Corey felt particularly bad for not praying with Mary, who she found later was a devout Christian. “I should have asked whether she believed in God, and I didn’t. I felt a lot of guilt for not praying with her when I should have.” Several hours after the wreck, Corey sat down at her computer and outed her pain into words.
Today I cried with Mary…
Today I cried with Mary for the pain she endured.
Today I cried with Mary for the memories that she was leaving.
Today I cried with Mary for the children that she loved.
Today I cried with Mary for the love she shared with her husband.
Today I cried with Mary for the family and friends left behind.
Today I cried with Mary for I knew all that she had left behind.
Today I am rejoicing for Mary for I know—-
she is with her Father in heaven.
As Paul Harvey says, now for the rest of the story—two days later, Corey and her husband, who had been separated for several months, and her four children attended church.
The next day Mary’s obituary came out in the paper.
Corey called the funeral home, asking whether it would tell the family that she was with Mary when she died and passed along her phone number. “Within 10 or 15 minutes, her husband called me, “Corey said. They talked for about two hours delivering Mary’s message to her family.
Corey met the family for the first time at Mary’s viewing and Corey attended the service the next day. A longtime friend and retired pastor presided over the service telling people to remember to always be kind and good to one another—as Corey had been to Mary—adding that he appreciated what she did for Mary and that he appreciated the Lord for having her there at that time.
Wait — Hold On — I’m not through—
At the time of the wreck, Corey was unhappy. She had been separated from her husband for several months and in contact with a divorce attorney. Corey was angry—angry with her husband, angry with God, and angry with the world. I wasn’t able to forgive. Corey’s children were ages 2,5,10, and 11 and possibly facing a tough divorce. Corey, a stay-at-home mom, realized that was not what she wanted and that she was taking life for granted. Mary showed her that.
Corey said she now thanks God every day for her healthy children and for having a husband who loves and cares for her. They are living together again and going through marriage counseling at their church. She thanks God and Mary for restoring her marriage, her faith and her life.
“I think we get caught up in our daily lives, with the running and going and all the hustle and we don’t slow down,” Corey said. “We seem to forget that when we walk out that door or when we hang up that phone, that could have been the last ‘goodbye’ and that could have been the last ‘I Love You.’ Every day, for somebody, that is the last one.”

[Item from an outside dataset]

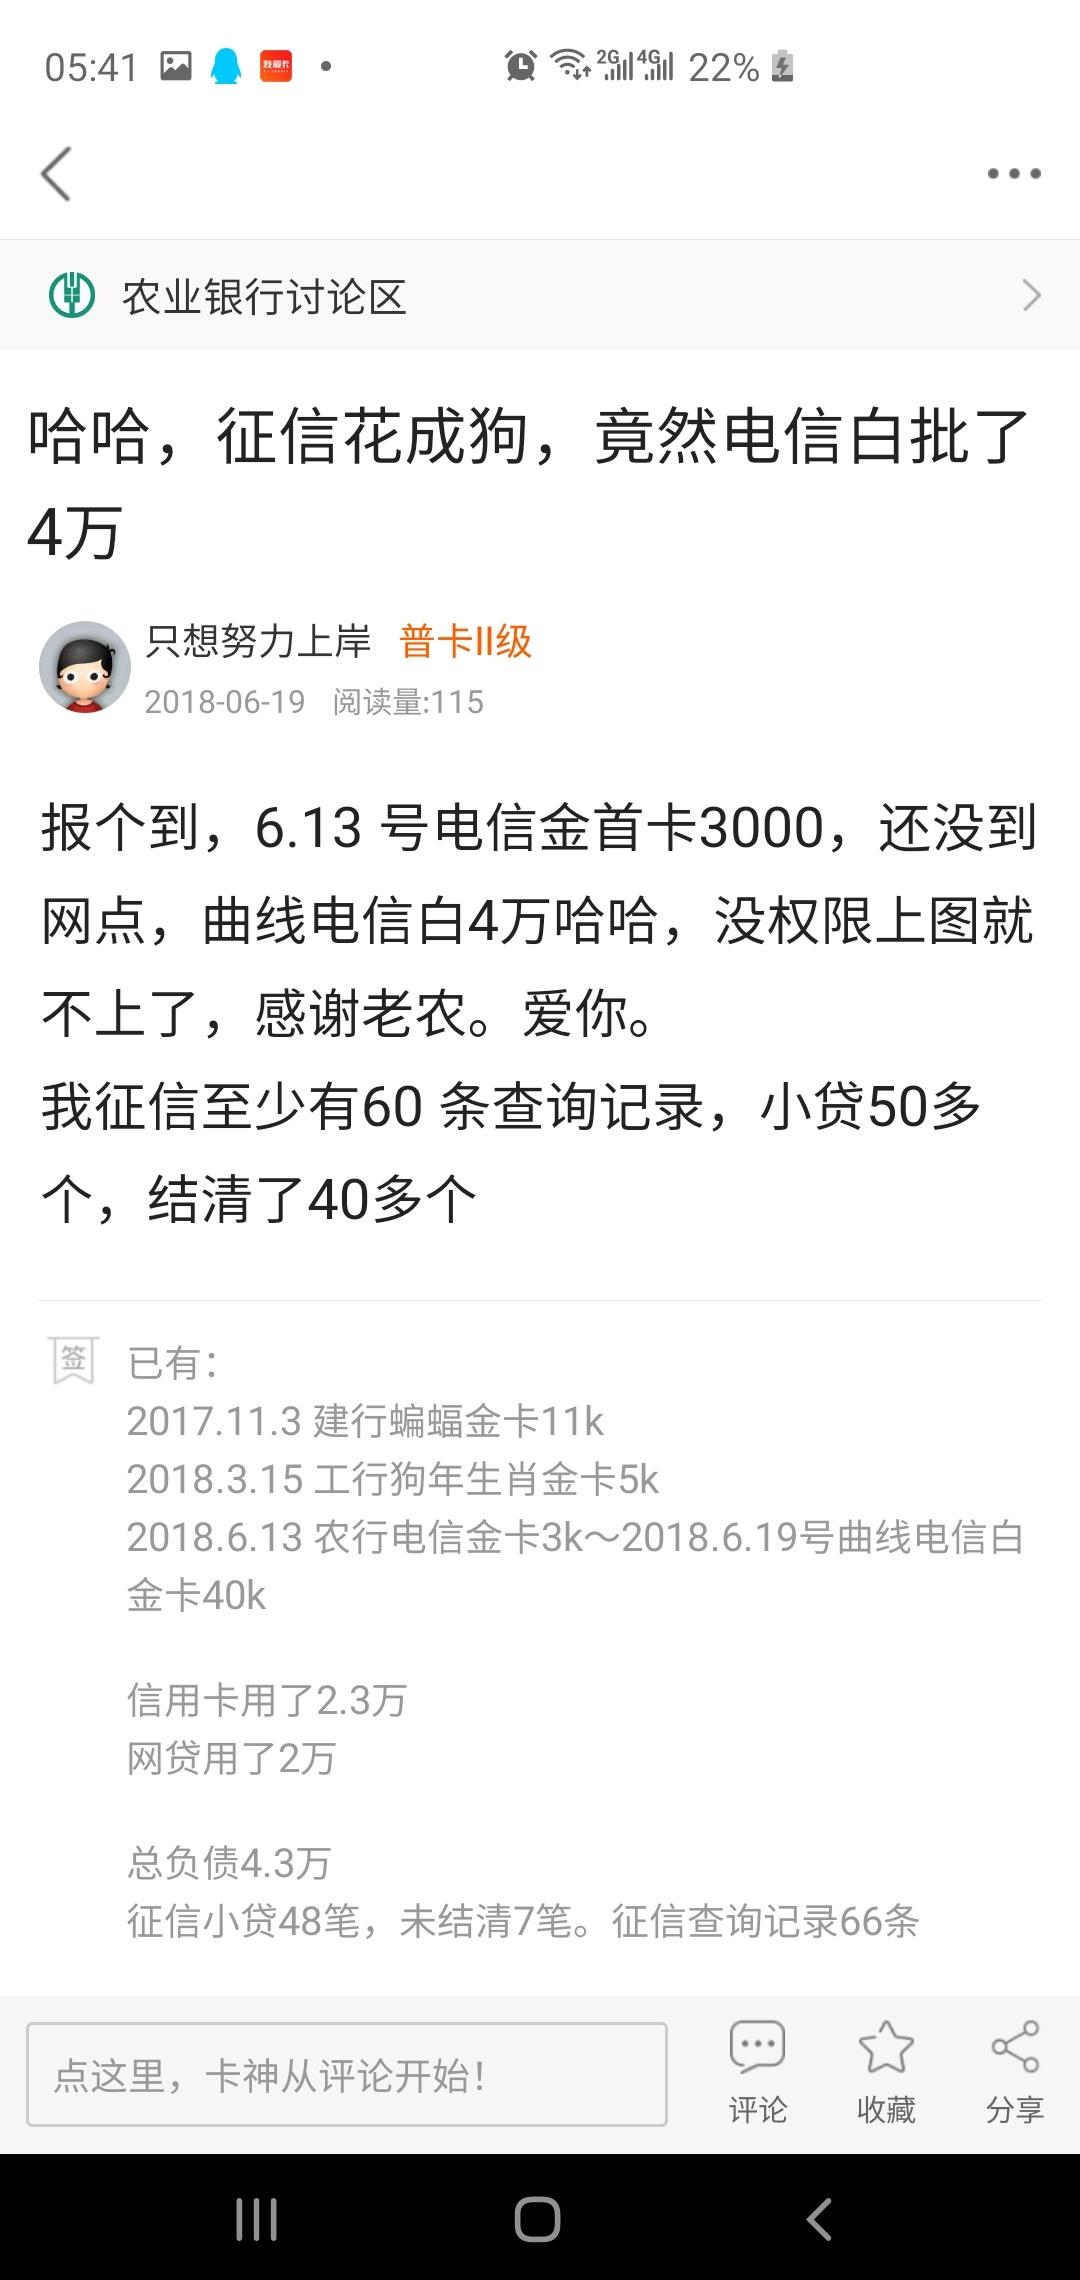 苏宁任性贷刚刚通过了1万8 今天申请了3个,豆豆钱,携程,苏宁金融。白天前2个秒拒,51 / 作者:yangyang1993 /

“I think God used her and me both for two very different reasons,” Corey said. “It really wasn’t what I did for her, It was what God used her to do for me.”
Mr. Casillo ends his article with, “As we reflect on this story about Corey and Mary, let us praise God in all things especially those we take for granted each day.”
Editor: “Today I cried with Mary” Ms, McDonald wrote and Mr. Casillo uses her experience nearly 15 years ago to show how precious and important is Jesus’ second greatest commandment, “Love your neighbor as yourself”. This story will touch your heart in such a tender way that you should have your Kleenex tissues handy.